Семимес снова пошмыгал носом.
– И варёная, с овощами. Угадал отец.
– Ну, ты даёшь, Семимес! – подначил его Мэтью. – Чисто зверь! А как насчёт картошки?
Семимес со всей серьёзностью подошёл к заданию. Он несколько раз втянул в себя воздух: сначала коротко, потом протяжно.
– Рыба перебивает все запахи, – посетовал он и, закрыв глаза, ещё раз проделал носом то же самое. – Распознал: будет вам картошка… испечённая на углях в камельке.
– Ура! – воскликнул Мэтью. – Печёная даже лучше!
– От печёной и я не откажусь, – сказал Дэниел и затем спросил: – Нам налево или направо? Где у вас тут желания исполняются?
Передняя вела в коридор, который двумя рукавами расходился влево и вправо по кругу, чтобы соединиться на противоположной стороне дома.

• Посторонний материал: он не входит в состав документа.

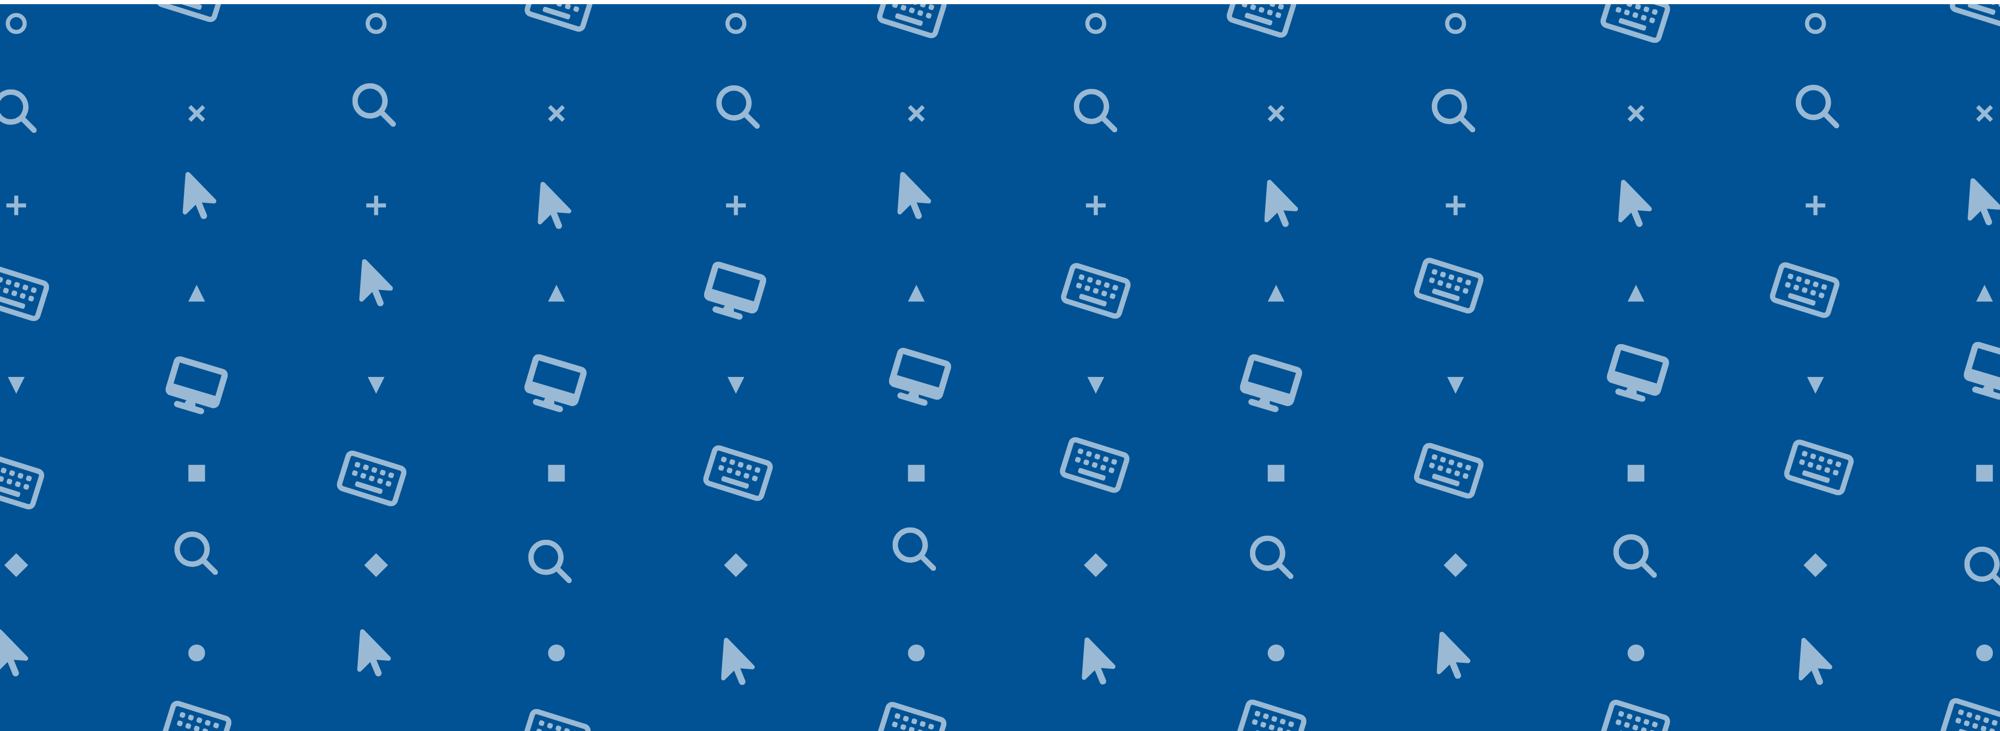 onboarding icon background-1

Семимес покачал головой и ответил:
– Нам направо. Пропустите-ка меня вперёд – я свечи зажгу в нужной комнате и в комнате воды и мыла.
Внимание Мэтью привлекли подсвечники на стене напротив передней. Каждый из двух подсвечников был исполнен в виде руки, державшей стеклянный шар. Обе свечи, помещённые внутрь шаров, горели, освещая переднюю и часть коридора.
– Семимес, любопытные у вас подсвечники, скорее даже светильники.
– Лесовики подарили отцу. Они часто его проведывают. У нас во всех комнатах такие светильники. Говорят, больше ни у кого во всём Дорлифе таких нет.
– Слёзы Шороша, – неожиданно для Мэтью и Семимеса сказал Дэниел.
Они удивлённо, но как-то по-разному посмотрели на него.
– Что вы на меня уставились, друзья мои, Мэт и Семимес? Шар на ладони – это символ. И я уверен, что это символ Слезы.
Вдруг Семимес приблизился к одному из светильников и, не предупредив друзей, задул свечу, потом шагнул ко второму и как-то зло дунул ещё раз. В полусвете (свет проходил в коридор через пространство между невысокой стеной кухни и куполом крыши) было видно, как он сел на пол и закусил свою руку.
– Семимес, что не так?.. Чем терзаешься? – спросил Дэниел.
Семимес молча встал, чиркнул вспышку и зажёг свечи. Ребята не стали больше приставать к нему с расспросами.
– Пропустите-ка… пропустите всё-таки меня… гости, – выдавил из себя Семимес.
По тому, как тяжело Семимесу давались эти слова, было понятно, что он не мил сам себе в эти мгновения и продолжает кусать себя, свою душу.
В нужной комнате и затем в комнате воды и мыла загорелся свет.
– Вы пока мойте руки, а я зажгу… Слёзы в гостиной. Помоете – ступайте в гостиную. Дверь слева, я оставлю её открытой.
– А ты куда? – спросил Дэниел.
– К Нуруни загляну. Так козу нашу зовут. Надо и ей слово сказать.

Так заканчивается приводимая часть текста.